Open-Source vs Open-Weight: what's the difference and which Ollama models are which?
The rise of publicly accessible AI models has given birth to two major trends: open-source and open-weight. While often used interchangeably, they represent very different realities. Open-source promotes full transparency — code, weights, training data, and documentation. Open-weight offers partial openness, limited to the model's learned parameters.
As the Open Source Initiative (OSI) has made clear, models like Meta's Llama are not open-source under the official definition. They are open-weight — downloadable and usable, but lacking the full transparency required by the OSI's Open Source Definition.
This distinction matters more than ever for developers, enterprises, and governments seeking AI sovereignty. When you run a model via Ollama, understanding its license determines what you can legally do with it in commercial products.
Open-Source: total openness
A truly open-source AI model provides:
- The full source code used to build and train the model
- The model weights (parameters)
- The training data (or detailed information about it)
- Complete documentation for understanding and modifying the model
OSI-approved licenses like Apache 2.0 and MIT grant unrestricted commercial use, modification, and redistribution.
Open-Weight: partial openness
An open-weight model makes only its weights available — the parameters learned during training. The training data, design code, and methodology remain proprietary.

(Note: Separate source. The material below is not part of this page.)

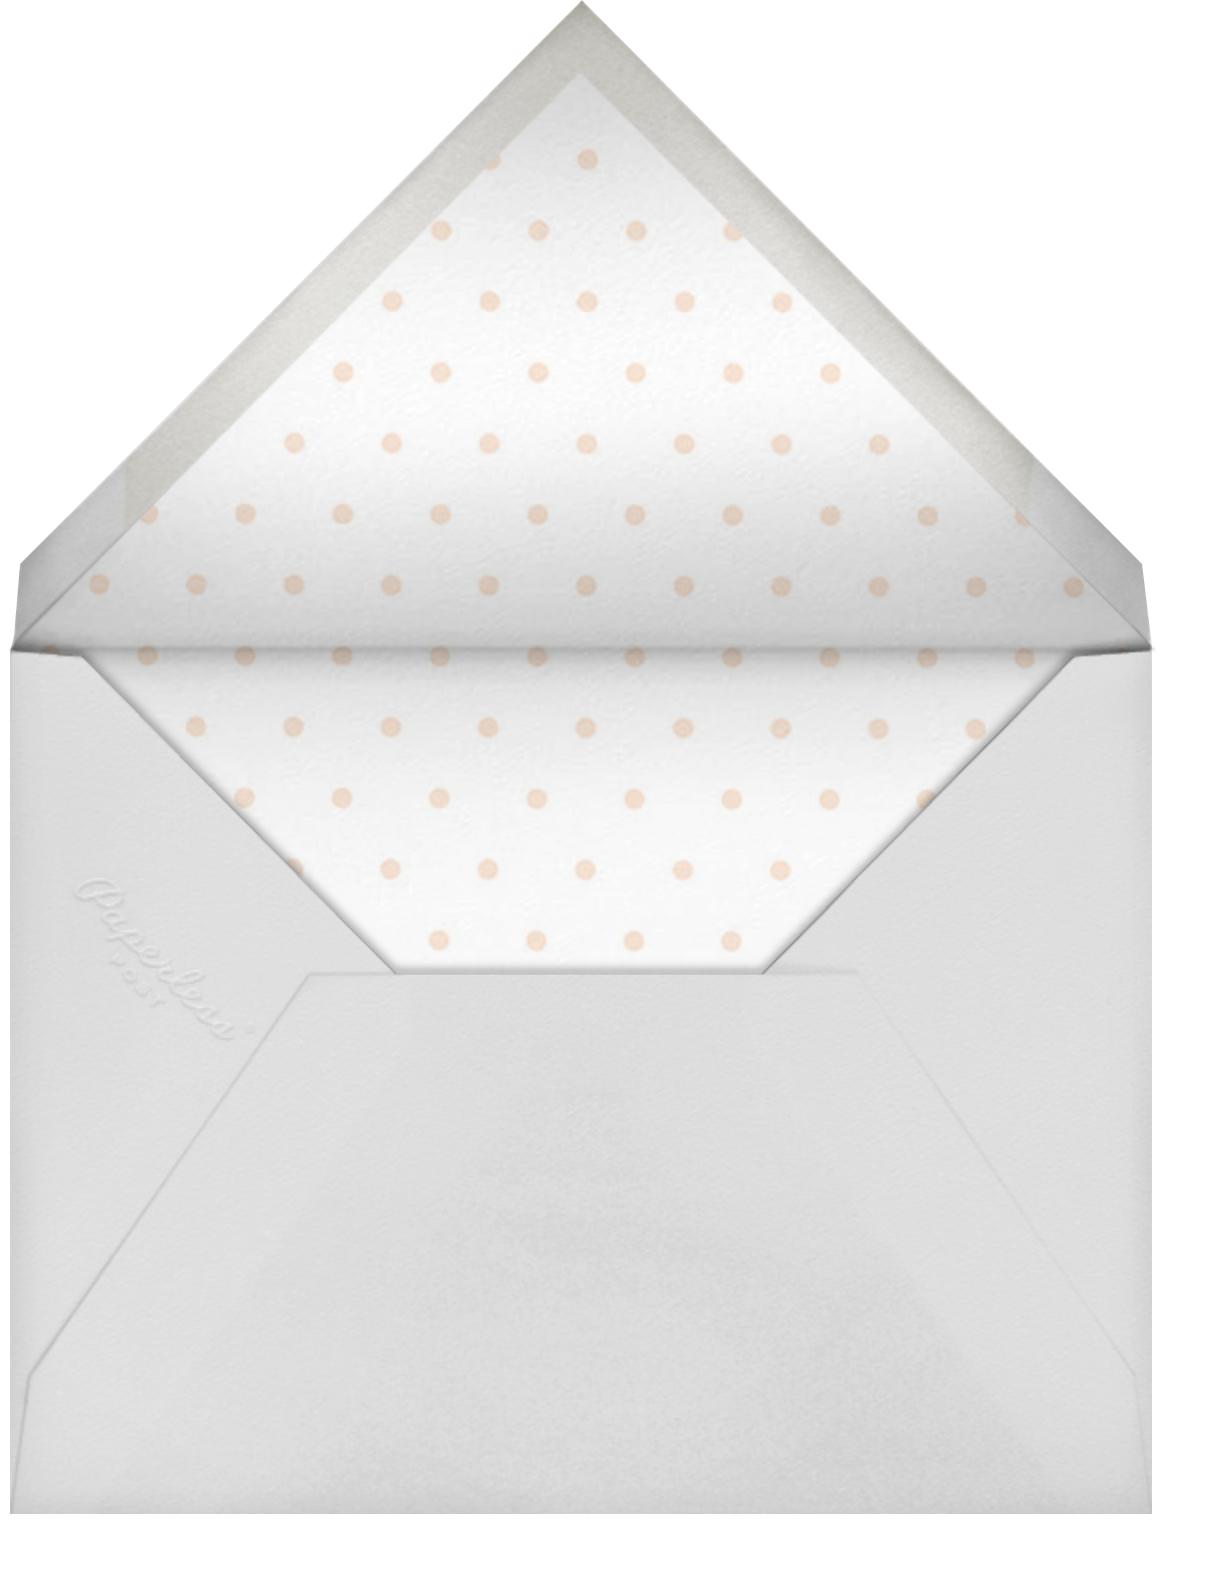 Mellow Dots - Sugar Paper - Envelope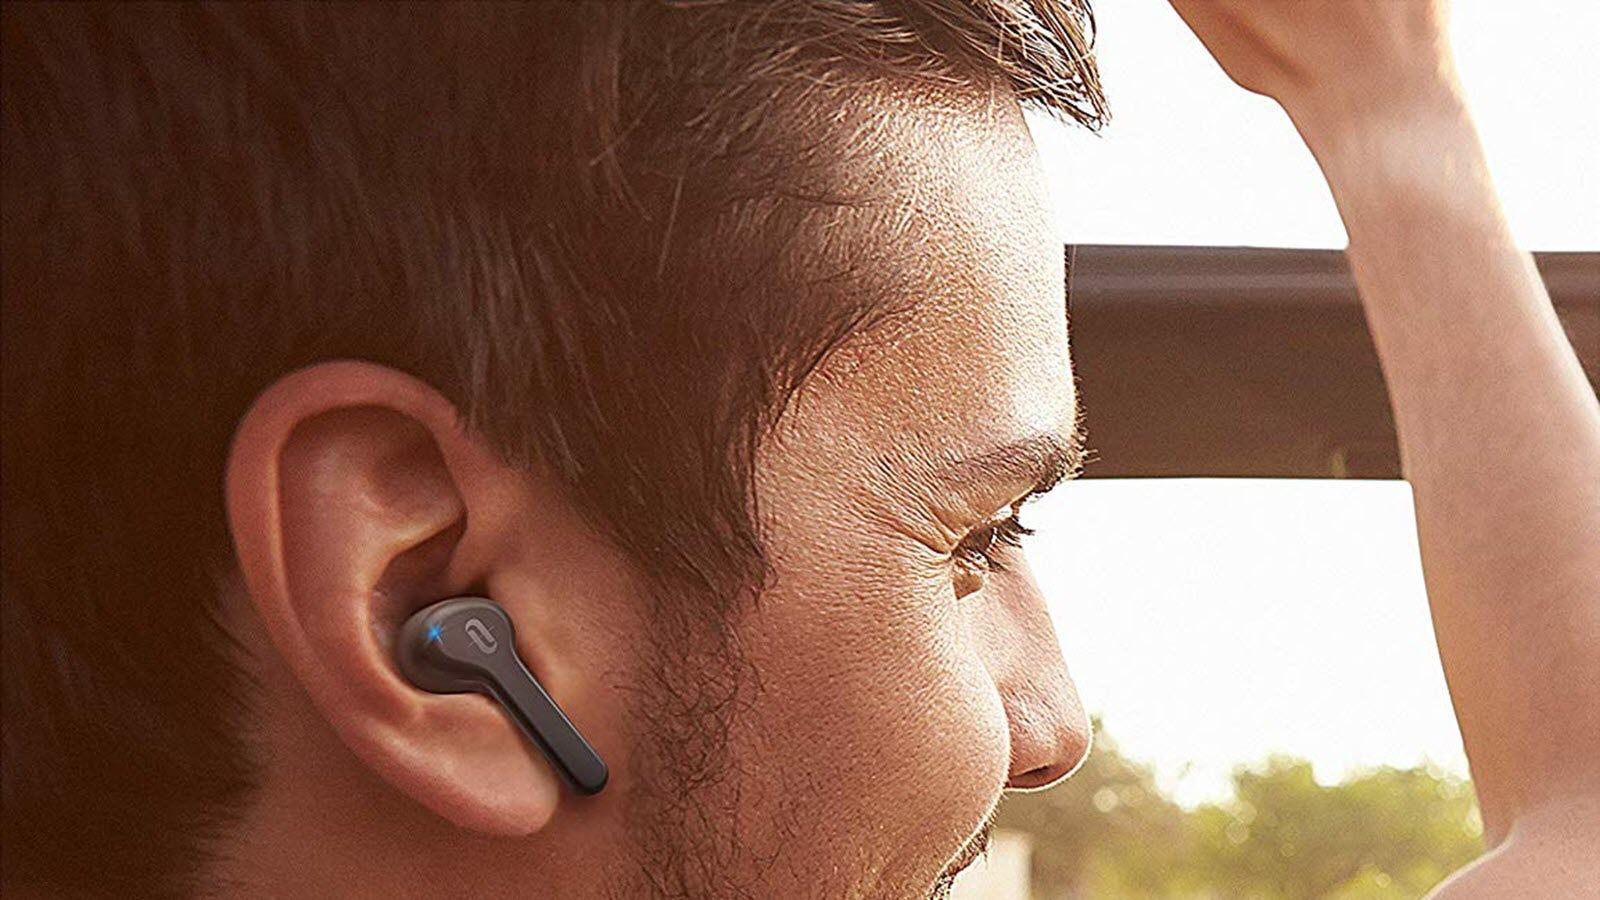 A TaoTronics SoundLiberty 53 earbud in a man's ear.

This means:
- The model can be used and fine-tuned, but not fully inspected
- Biases or weaknesses are harder to analyze
- Adoption is easier, but control stays with the original developer
Most models marketed as "open-source" in AI are actually open-weight.
Categorizing Ollama models
Below is a list of popular models available on Ollama, classified by their true license type.
Truly open-source models (Apache 2.0 or MIT)
These models use OSI-approved licenses and grant full commercial freedom:
| Model | Developer | License |
|---|---|---|
| Qwen 3, Qwen 3.5, Qwen 2.5 | Alibaba | Apache 2.0 |
| DeepSeek V3, R1, R2, V4 | DeepSeek | MIT |
| Mistral 7B, Mistral Small | Mistral AI | Apache 2.0 |
| Gemma 4 | Apache 2.0 | |
| Phi-3, Phi-4 | Microsoft | MIT |
| GPT-OSS (20B, 120B) | OpenAI | Apache 2.0 |
| OLMo | AI2 (Allen Institute) | Apache 2.0 |
| IBM Granite (3B–32B) | IBM | Apache 2.0 |
| Nomic Embed Text | Nomic | Apache 2.0 |
| FLUX.1 Schnell | Black Forest Labs | Apache 2.0 |
Open-weight models (restrictive / custom licenses)
These models provide downloadable weights but carry usage restrictions:
| Model | Developer | License | Restriction |
|---|---|---|---|
| Llama 3.1, 3.2, 3.3, 4 | Meta | Llama Community License | 700M MAU threshold |
| Mistral Large, Codestral | Mistral AI | Custom Mistral License | Research / non-commercial |
| Gemma 2, Gemma 3 | Gemma License | Use restrictions | |
| Command R, Command R+ | Cohere | CC-BY-NC | Non-commercial only |
| Kimi K2.6, K2.7 | Moonshot AI | Modified MIT | Additional restrictions |
| MiniMax M3, M2.5 | MiniMax | Custom | Usage restrictions |
| GLM-4, GLM-5 | Zhipu AI | Custom | Usage restrictions |
| DeepSeek V2 | DeepSeek | Custom | Older restrictive license |
Why this matters
For developers
Choosing a model with a permissive license (Apache 2.0 or MIT) means you can build, fine-tune, deploy, and sell your product without legal uncertainty. Open-weight models with custom licenses may restrict commercial use, impose revenue-sharing, or limit deployment scale.
For enterprises
Legal teams review licenses carefully. Apache 2.0 provides explicit patent protection. MIT is the simplest to comply with. Custom licenses require case-by-case legal review and may block deployment entirely.
For AI sovereignty
Governments and European institutions seeking independence from US tech giants should prioritize truly open-source models. Only Apache 2.0 and MIT-licensed models provide the durable freedoms needed for sovereign AI infrastructure.
How to check a model's license in Ollama
You can verify any model's license directly from the command line:
ollama show <model> --license
For example, to check Llama 4's license:
ollama show llama4 --license
The bottom line
The AI industry is flooded with "open-washing" — marketing open-weight models as open-source. Before building your next project, check the license. If it's Apache 2.0 or MIT, you have real open-source freedom. If it's a custom license, you're using an open-weight model with strings attached.
The good news: truly open-source models like Qwen 3.5, DeepSeek R2, Gemma 4, and GPT-OSS are now competitive with proprietary alternatives, and you can run them all locally with Ollama.